I also have an ASRock Rack b6504DU that has slowly progressed to the 00 boot error.
At first when I got it and put it in the rack after it was on for ~3 days on my desk. Then the first warning came when it would not boot at first. Then, after it did boot after a couple of hard resets of the IPMI, it was on for 10 days, then randomly powered off.
It did this 4-5 times. And then, miraculously It lasted 45 days last boot.
Until this morning, when it just sticks on 00 and no post. There is an error saying power action failed. Everything has been reseated through this process 3 times. It was on last night for 45 days. Nothing was changed.
Support told me to try the experimental version BIOS 20.01. This did not work either. Getting an RMA in tonight. Bought May 11th, Dead in October. Judging from others I am not the only one.
I would say BEWARE this board until Hardware revisions are nailed down to be safe or not. If your board is this version I would say you are at risk.
I heard a rumour that there might be a component out of spec on some motherboards, but I can’t confirm this yet, maybe never, might be bull$h1t. So far they are replacing my failed ones, however I’m really worried about the ones not failed yet.
We are an MSP specializing in Hyperconverged Infrastructure for production environments, and we’ve encountered significant issues with the ASRock B650D4U boards. We’ve deployed these boards in our systems.
Out of 22 units installed, over 25% have failed with the dreaded “Post Code 00” error, leaving us unable to recover or bring systems back online, despite parts showing no faults in the BIOS Management Interface (BMI) logs. These units are all used in critical infrastructure, and with a failure rate like this, our Hyperconverged Highly Available setup has repeatedly failed to provide the reliability we promised to clients.
Given the gravity of this situation and the impact it has on production environments, we’re looking for concrete solutions or at least transparency from ASRock about the root cause.

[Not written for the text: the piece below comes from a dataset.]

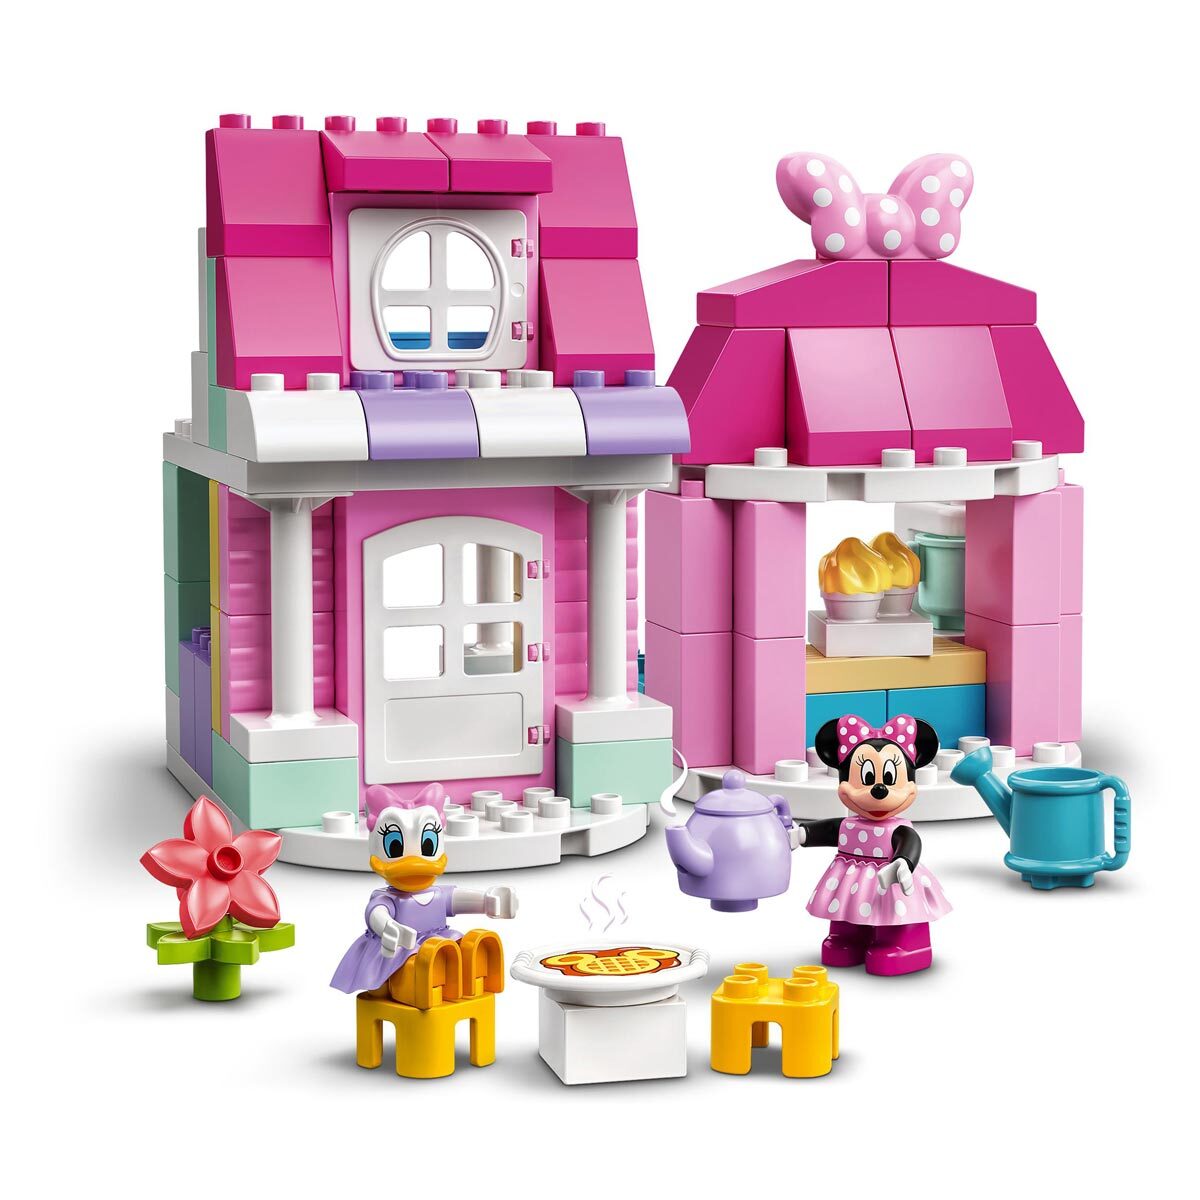 Buy LEGO DUPLO Minnie's House & Cafe Overview Image at costco.co.uk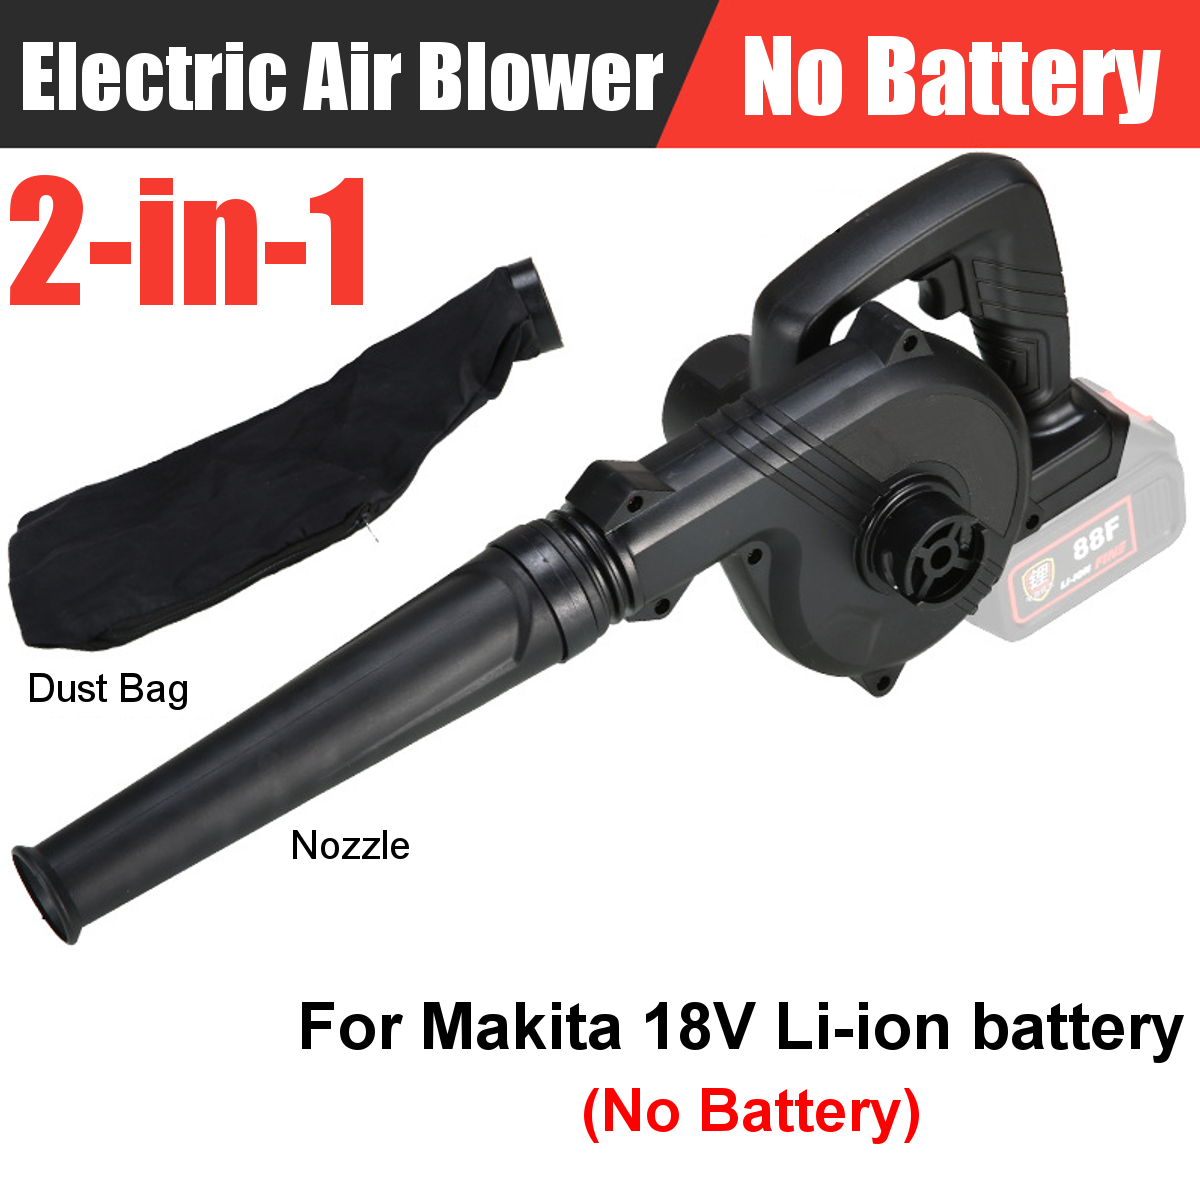 88VF-1500W-2-in-1-Electric-Air-Blower-Wireless-Vehicle-Computer-Vacuum-Dust-Collector-Leaf-Cleaner-W-1861025-4

The high failure rate we and others have reported seriously impacts both our client satisfaction and reputation, and the reputation of this hardware in high-availability applications.
We have exactly the same issue but luckily we were late enough to only start deploying those systems in a single HCI production environment.
We now sit on 12 Systems that cant be deployed until this mess is cleaned up.
Of our 14 Systems 4 have failed. 3 while setting them up and one was doa.
We where just starting to use them. I have a lot more projects on the way and i would need way more of those systems but for now everything is on hold.
I’m not even sure if i can rely on those replaced motherboards.
Edit: Just some side note. Those asrock barebones we use tend to also have multiple defect HDD LEDs on their inwin backplanes. That is clearly a soldering error and is hopefully fixed in some months. Pressing on the LEDs makes them light up. Asrock does RMA those backplanes without issues. 3 of the 14 backplanes where affected.